That's awful. Only 25 years old, very promising career ahead of him and attacked by 8 men. I wonder what caused the attack though. 

A stab wound in the armpit..


----------



## mattandbenny (Aug 2, 2007)

Terrible news, my thoughts are with his family. He's one of the better non UFC/Strikeforce heavyweights.


----------



## MMABeast (Nov 21, 2011)

It has been suggested that Ivanov has been involved in organized crime.
Maybe it was a trap and his two friends who escaped without any damaged ratted on him and took him to the bar.

Bulgaria is know for its mafia.


----------



## kantowrestler (Jun 6, 2009)

That is certainly an unstable country and it is possible that was the result. However, it doesn't mean anything until proof is shown. Also this doesn't mean the end of his career.


----------



## Fedornumber1! (Jun 18, 2008)

Yah man ya never know what's gonna happen in a country like that.

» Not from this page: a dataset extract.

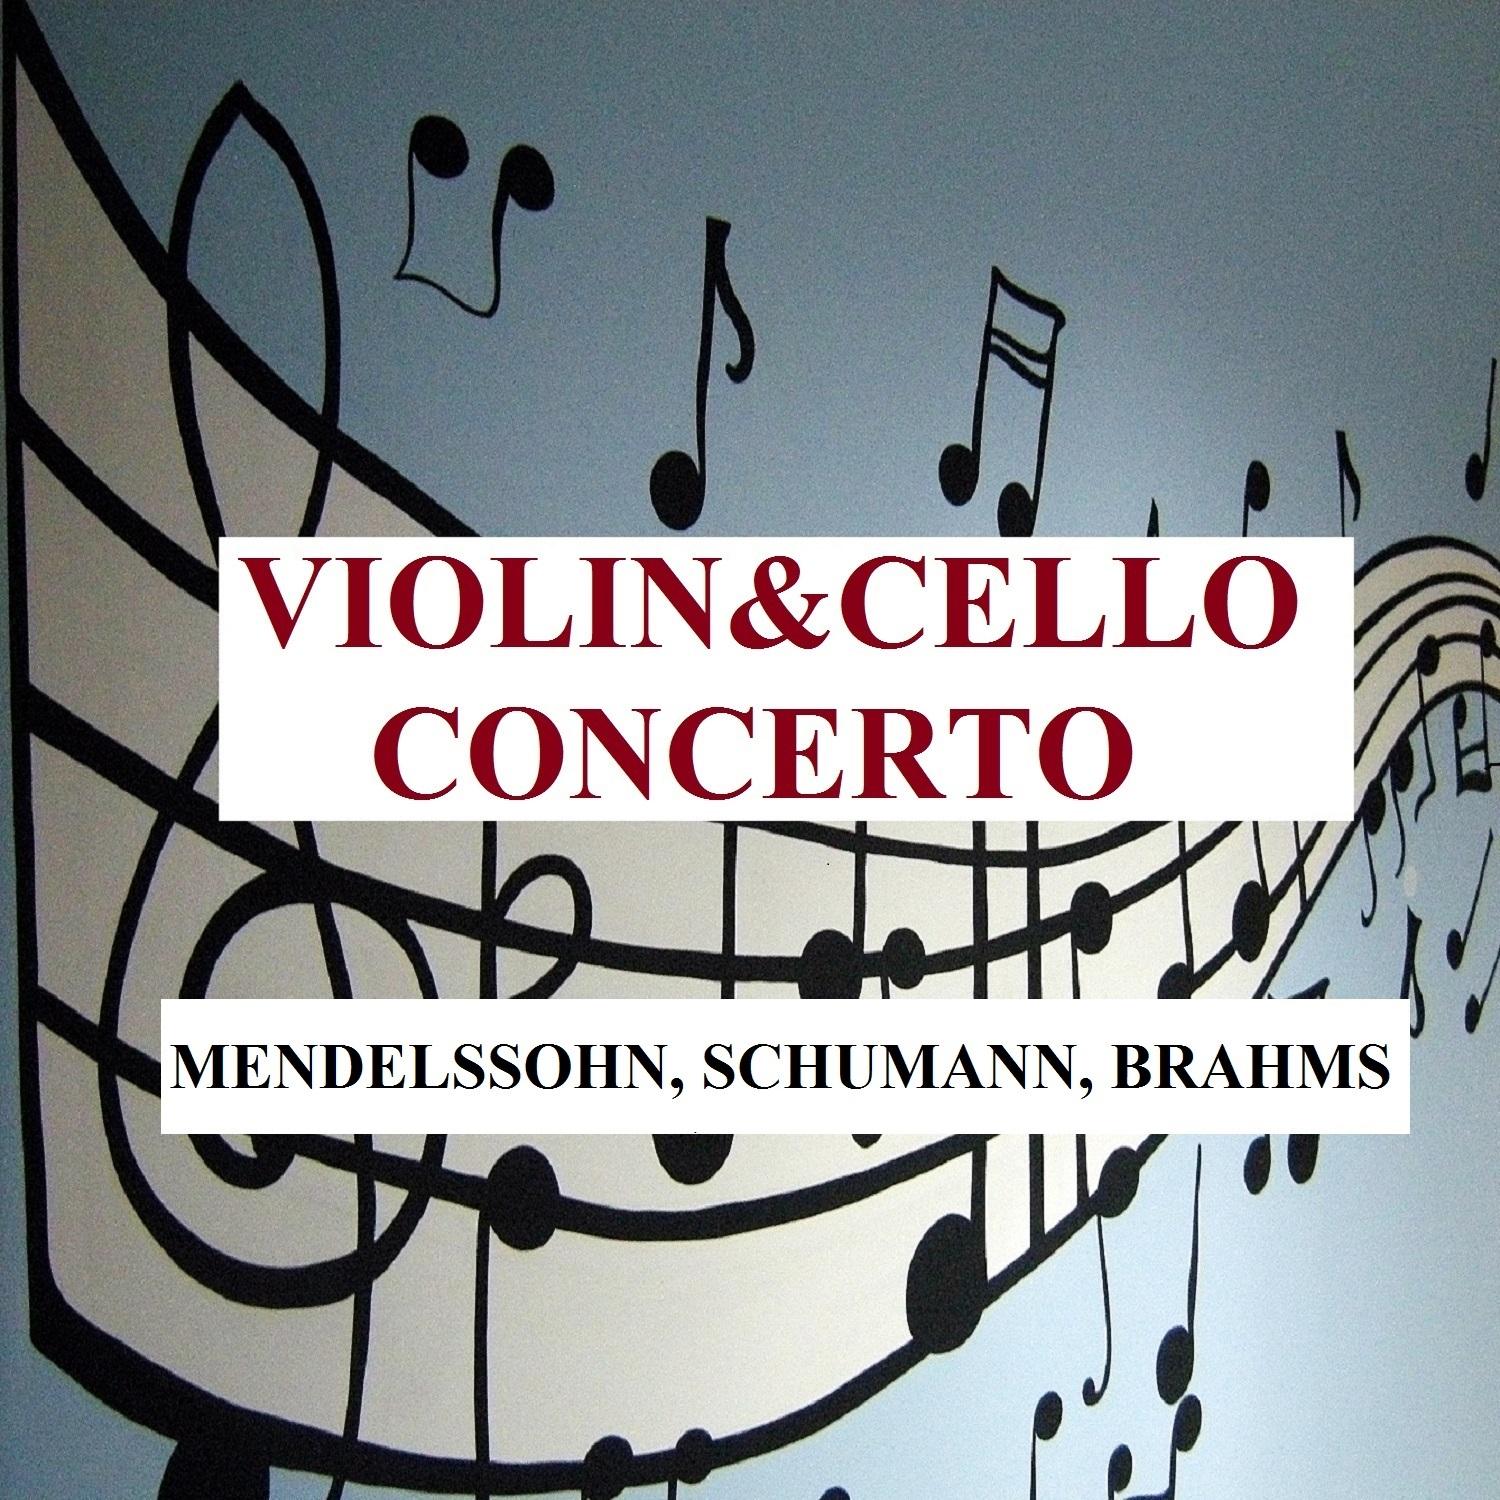 Violin&Cello Concerto - Mendelssohn, Schumann, Brahms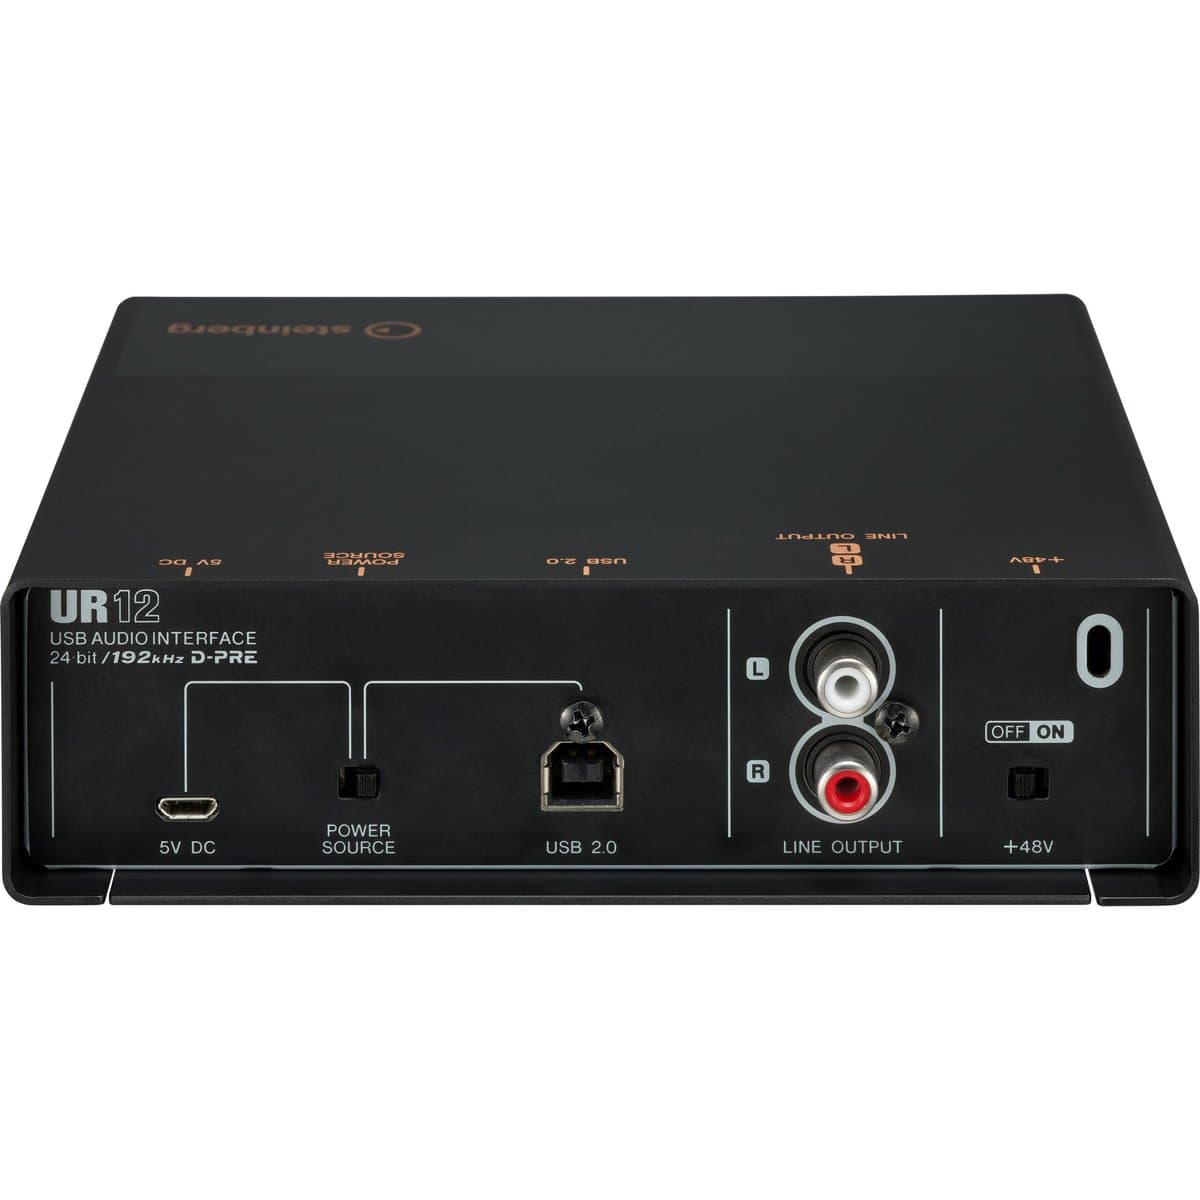 Steinberg UR12B PS USB Audio Interface Podcast Starter Pack

on a side not Im glad I live in texas because I can carry a gun and shoot someone if they start fuckin with me


----------



## kantowrestler (Jun 6, 2009)

In all honesty a gun should be a last resort like if someone else is packing. Personally I think someone who uses a gun in cold blood is a coward. If someone is using a knife or something else its a completely different story.


----------



## BamaNasty (Feb 25, 2012)

I know how to fight, Im not gonna say I can kick anyones ass or anything like that, but if I get attacked by more than one guy, Im bustin a cap. Just sayin. And im always packin. Doesnt mean your a coward, just means your respect your own life and dont want to see it ended by some fool. This is a cruel world, thoughts are with his family and him as well.


----------



## SmackyBear (Feb 14, 2008)

Update on his condition and case:



> Blagoi Ivanov, the Bulgarian MMA fighter who was recently stabbed in a brawl in downtown Sofia, has regained consciousness.
> 
> Ivanov is now in a stable condition and is under a milder treatment regimen, doctors have told the BGNES news agency.
> 
> ...


Source.



> The main suspect in the stabbing of Bulgarian MMA fighter, Blagoi Ivanov AKA Bagata, - 23-year-old D.S. known as Dampela, is going to be kept under permanent detention.
> 
> The Thursday rule of the Sofia Court of Appeals upheld the one of the lowest instance.
> 
> ...


Source.


----------



## kantowrestler (Jun 6, 2009)

Well this was clearly a case of people getting upset and stuff like that. It just sounds like a random act or something like that. Regardless I wonder how his career will be affected.


----------